SIMPLY NO ACCOUNTING FOR TASTES
Insect gourmands are dedicated to scratching their culinary itches. Some Mexicans prefer their locusts deep-fried in oil, lightly misted with Tabasco and then sprinkled with oregano.
If that doesn’t make your taste buds tingle, then perhaps Madagascar cockroaches, over two inches long, marinated in wine vinegar before being served as hors d’oeuvres, will. Yet another unsettling tidbit in Madagascar, just in case you’re contemplating a vacation there, is meal-worm larvae stuffed into a flaky samosa and sautéed to a golden brown.
Women who work in Chinese silk factories enjoy a perk livelier than the tea break. While weaving the silk on their looms, they wait for the silkworm chrysalis to drop from the cocoon. The weavers pop chrysalides into their mouths like jellybeans.

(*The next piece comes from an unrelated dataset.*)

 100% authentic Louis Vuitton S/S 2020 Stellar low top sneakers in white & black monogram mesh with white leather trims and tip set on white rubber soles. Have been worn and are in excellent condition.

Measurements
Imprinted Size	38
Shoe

In China, ants and the liquid made from their formic acid are routinely eaten to relieve the pain of arthritis and ease the symptoms of asthma and hepatitis. In the province of Harbin, Queen Ant wine is as highly prized as fine cognac and has almost the same kick. A nectar of crushed ants, distilled to a potent 80 proof, is said to make hair lustrous and benefit both the pancreas and spleen. In China, ants seem to be the answer for almost everything.
“Favorite animal: steak!”
–FRAN LIEBOWITZ
“Statistics show that of those who contract the habit of eating, very few survive.”
–WALLACE IRWIN
OOGRUK FLIPPERS
1 oogruk
blubber
‘Cut the flippers off a small oogruk. Put flippers in fresh blubber [on ice] and let them stay there for 2 weeks. Take the loose fur off the flipper. Cut flipper into small pieces and eat the meat.”

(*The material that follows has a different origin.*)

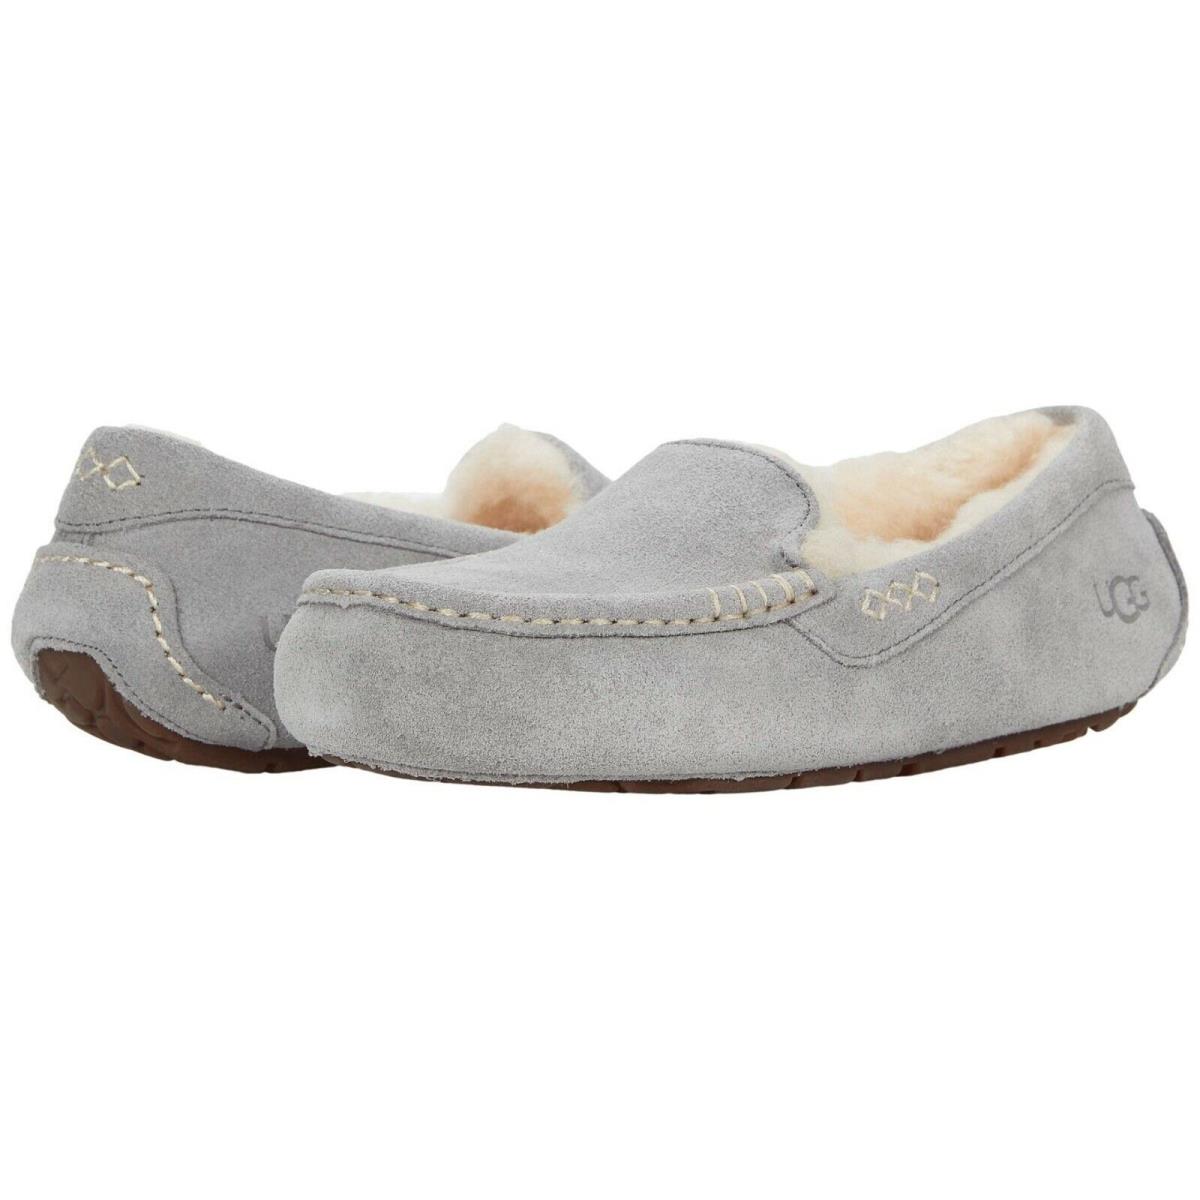 Women`s Shoes Ugg Ansley Wide Suede Moccasin Slippers 1106878 Light Grey

–ESKIMO COOKBOOK, prepared by students of Shishmaref Day School, Shishmaref, Alaska, 1952
CHOCOLATE ANTS
1,742 large ants (if they are small, use 2,044)
3 cups melted chocolate
1 teaspoon sugar
‘Catch ants at a picnic site and keep them in a glass jar to which you have added the sugar to keep them happy. (Unhappy ants are liable to go sour before processing.) At home, pick up each ant with tweezers and remove entrails with a small, very sharp knife-edge. This will take about 400 hours. If you are in a hurry, eliminate this step; you will never know the difference. Dip each ant into melted chocolate and place on wax paper. If any of them are still able to crawl off the paper, let them go–be a good sport!” Serves six at your own risk.
–SEARCHABLE ONLINE ARCHIVE OF RECIPES (http://soar.Berkeley.EDU/recipes)
The Dinner Party, 1991, by Janet Seaward
SIZZLING SIMPLE SAUSAGE
1 pound ground pork
1 teaspoon salt
1 teaspoon ground sage, or to taste
¼ teaspoon cayenne pepper
1 egg
In a large bowl, using clean hands, work all ingredients together thoroughly.
Form into 4 large patties or 6 smaller ones. Place in a heavy skillet and brown on both sides over fairly high heat. Then turn heat down, add ¼ cup water and cook 10 to 15 minutes more, covered. Makes 4 to 6 servings.
“Men are like sausages. Whatever you stuff them with, that they will bear with them.”